- Created by: Mark Long Nick Sagan

Publication information
- Publisher: Radical Comics
- Schedule: Monthly
- Title(s): Aristeia Rising 1–5, Hubris 1–3
- Formats: Original material for the series has been published as a set of limited series.
- Genre: Military science fiction;
- Publication date: 2009–2010
- Number of issues: 6
- Main character(s): Samantha “Sam” Vijaya

Creative team
- Writer(s): M. Zachary Sherman
- Artist(s): Bagus Hutomo
- Letterer(s): Sean Konot
- Colorist(s): Leos Ng
- Editor(s): Jim Demonakos

Reprints
- Collected editions
- Aristeia Rising: ISBN 1-935417-01-0
- Hubris: ISBN 978-1935417378

= Shrapnel (Radical Comics) =

American comic book series by Mark Long and Nick Sagan

Shrapnel is an American military science fiction limited comic book series published by Radical Comics in collaboration with Zombie Studios.
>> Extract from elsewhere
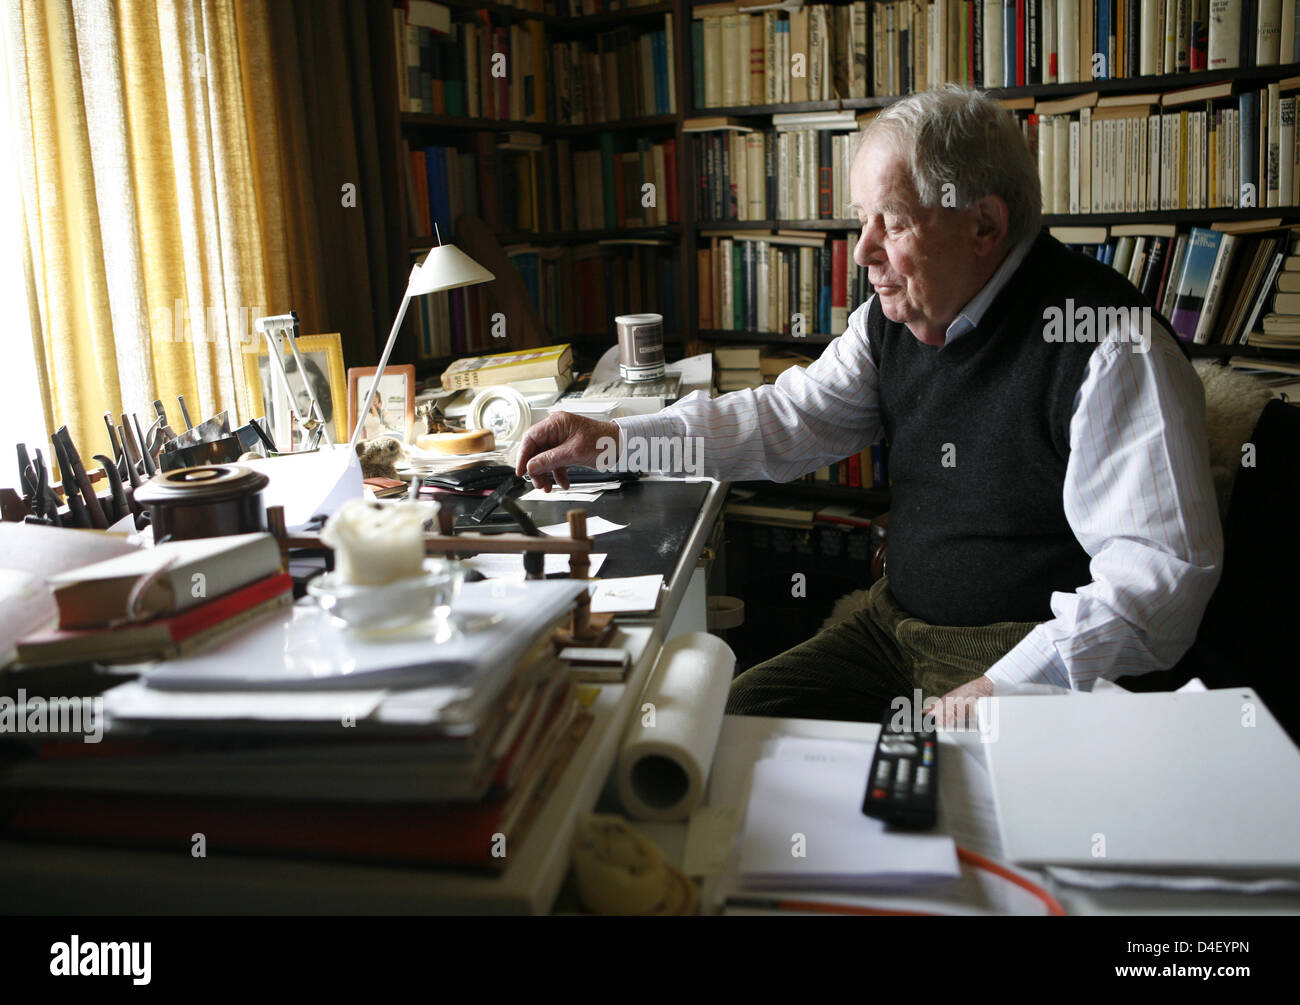 Autore tedesco Siegfried Lenz alla sua scrivania nella parte anteriore del libro scaffali nel suo appartamento Hamburg-Othmarschen, Germania, 23 maggio 2008. Foto: Jens remendo Foto Stock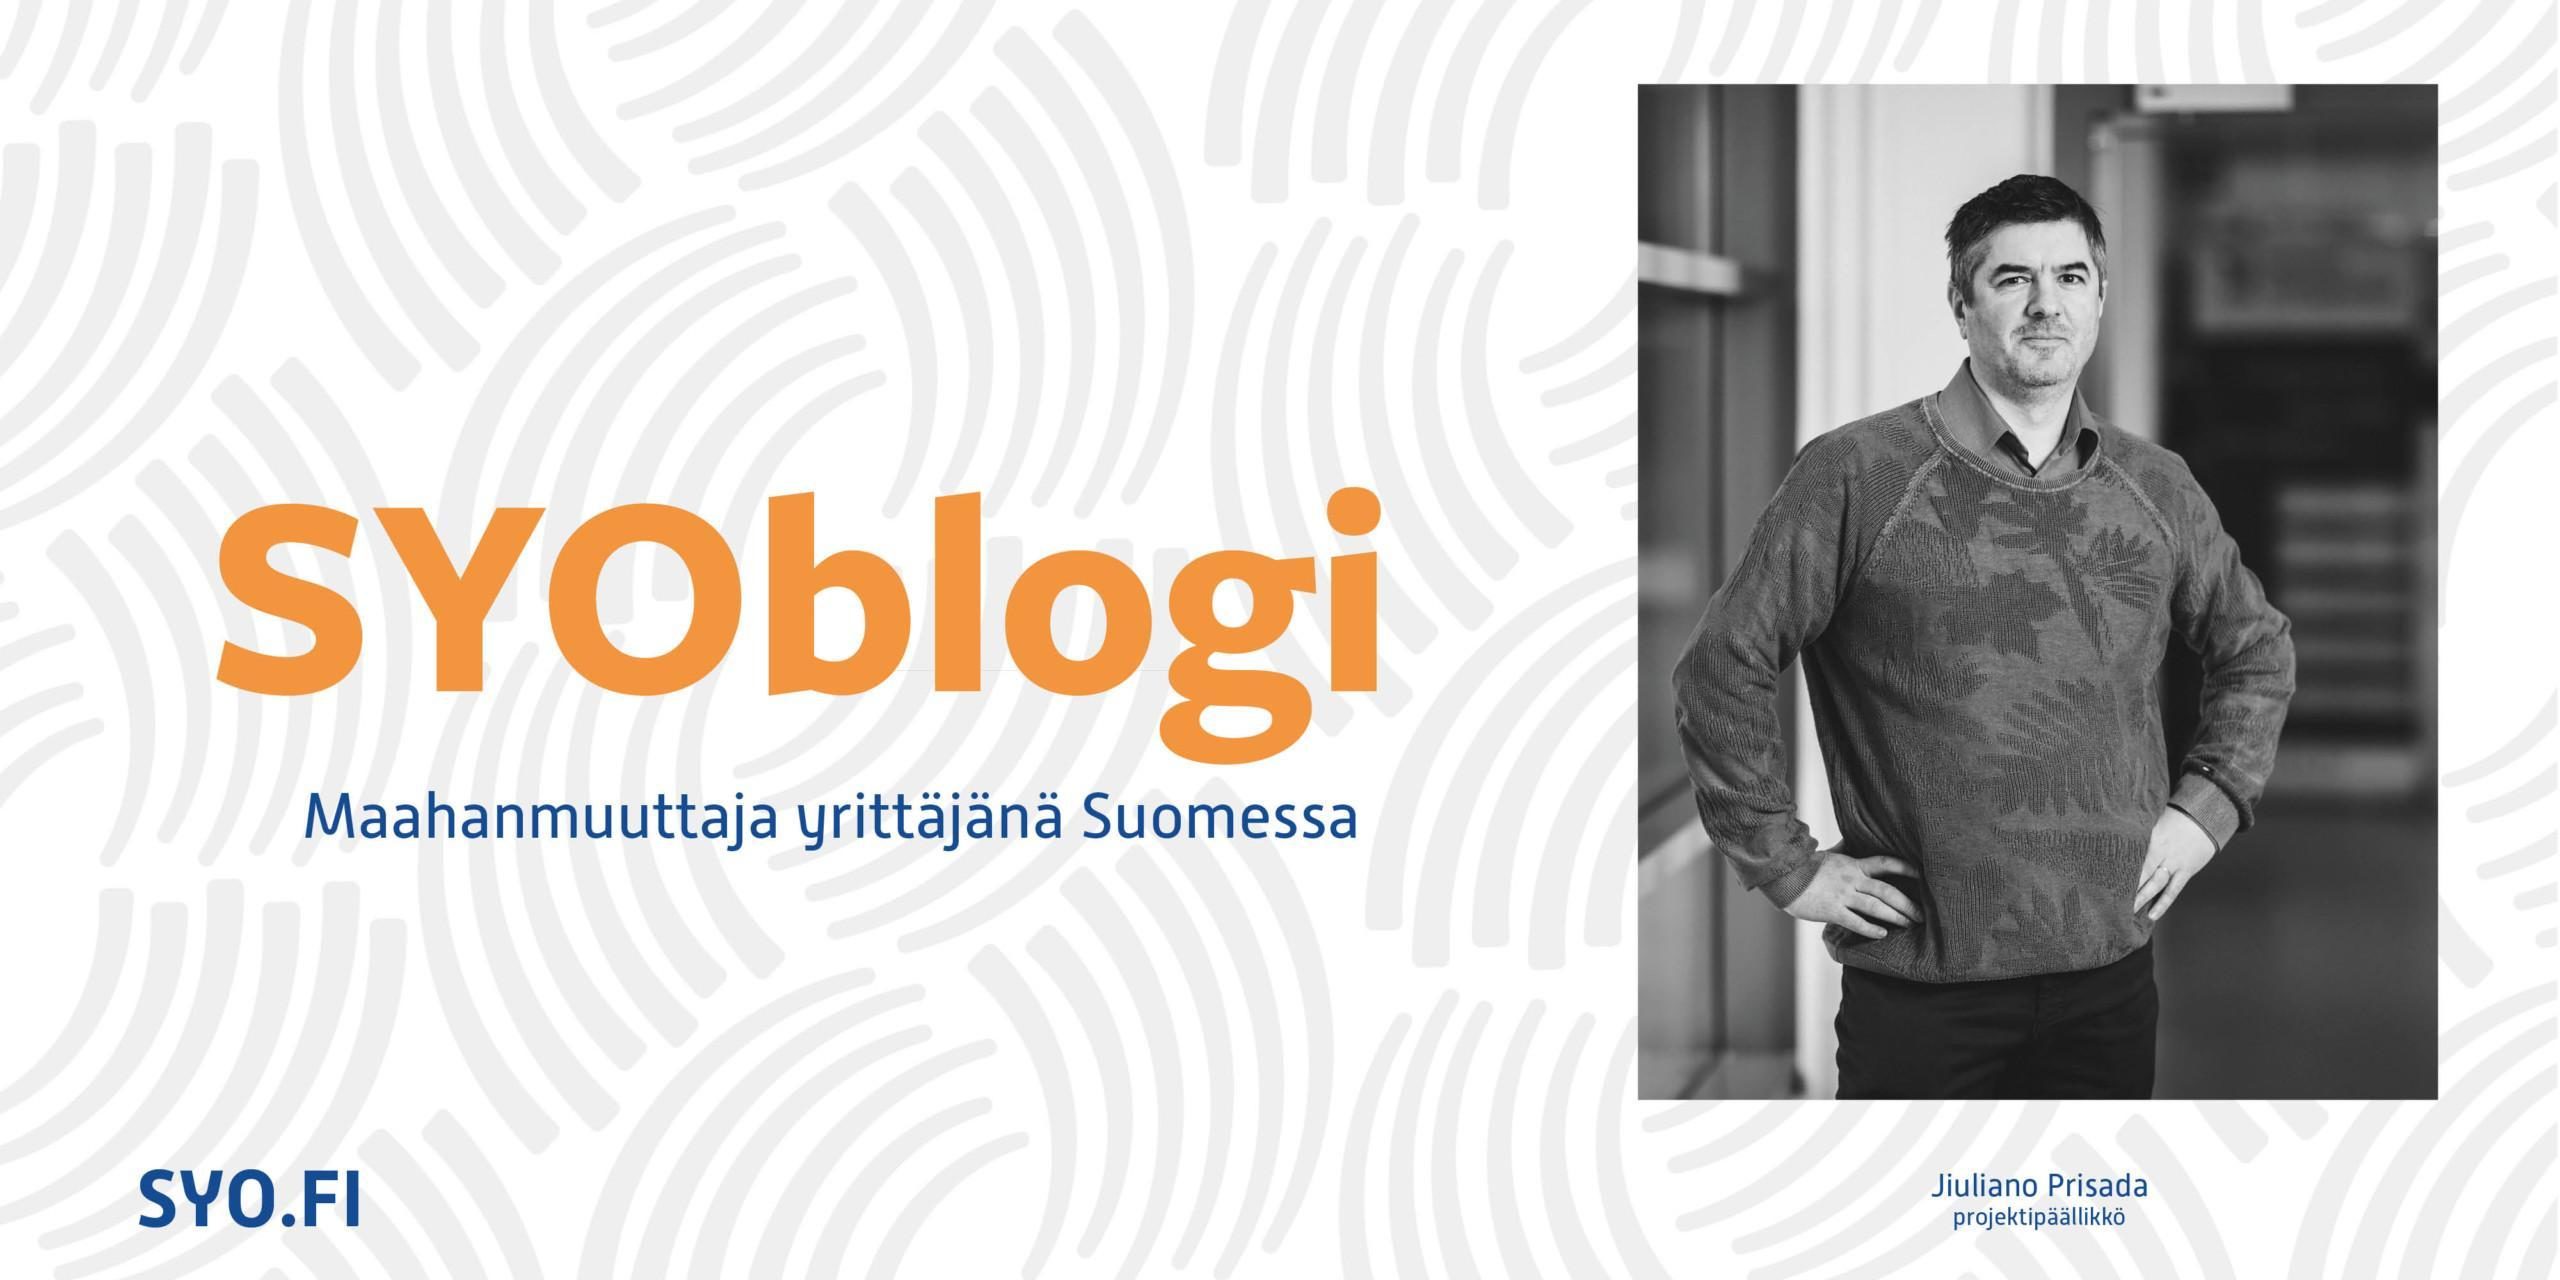 SYOblogi, Jiuliano Prisada, maahanmuuttaja yrittäjänä Suomessa.

The story was created and plotted by Mark Long and Nick Sagan, the final script was written by M. Zachary Sherman, and the art is provided by Bagus Hutomo based on designs by Kai.

==Publication history==
The first series, Shrapnel: Aristeia Rising, consisting of five issues, ran from January to May 2009. The second series, Shrapnel: Hubris, consisting of three issues, was published in 2010.

==Plot synopsis==
===Aristeia Rising===
Aristeia Rising, the first of the three comics, takes place in the "far future" where the "Solar Alliance" has colonized nearly all of the Solar System. The Solar Alliance is the dominant presence of humanity and has taken control by force and brutality. A rebellion on Venus, the last free planet, has been formed but is on the brink of losing the war against the Alliance. Samantha “Sam” Vijaya, a war hero who took exile on Venus, soon realizes the threat against the rebels and is faced with the choice of fleeing or helping them to fight back and keep their freedom. She is inevitably forced to team up with the rebels and combat the Alliance. With her previous experience, she teaches them to fight back and leads the uprising against the Solar Alliance.

==Collected editions==
The series were also published as trade paperbacks published by Radical Comics:
- Shrapnel: Aristeia Rising (184 pages, September 15, 2009, ISBN 1-935417-01-0)
- Shrapnel: Hubris (184 pages, 2010, ISBN 978-1935417378)

==Film adaptation==
In July 2009, Len Wiseman has been attached to direct and produce a film adaptation, but dropped out. In July 2011, Hilary Swank will star and produce the movie with Sean Daniel and Radical Pictures from a script by Toby Wagstaff.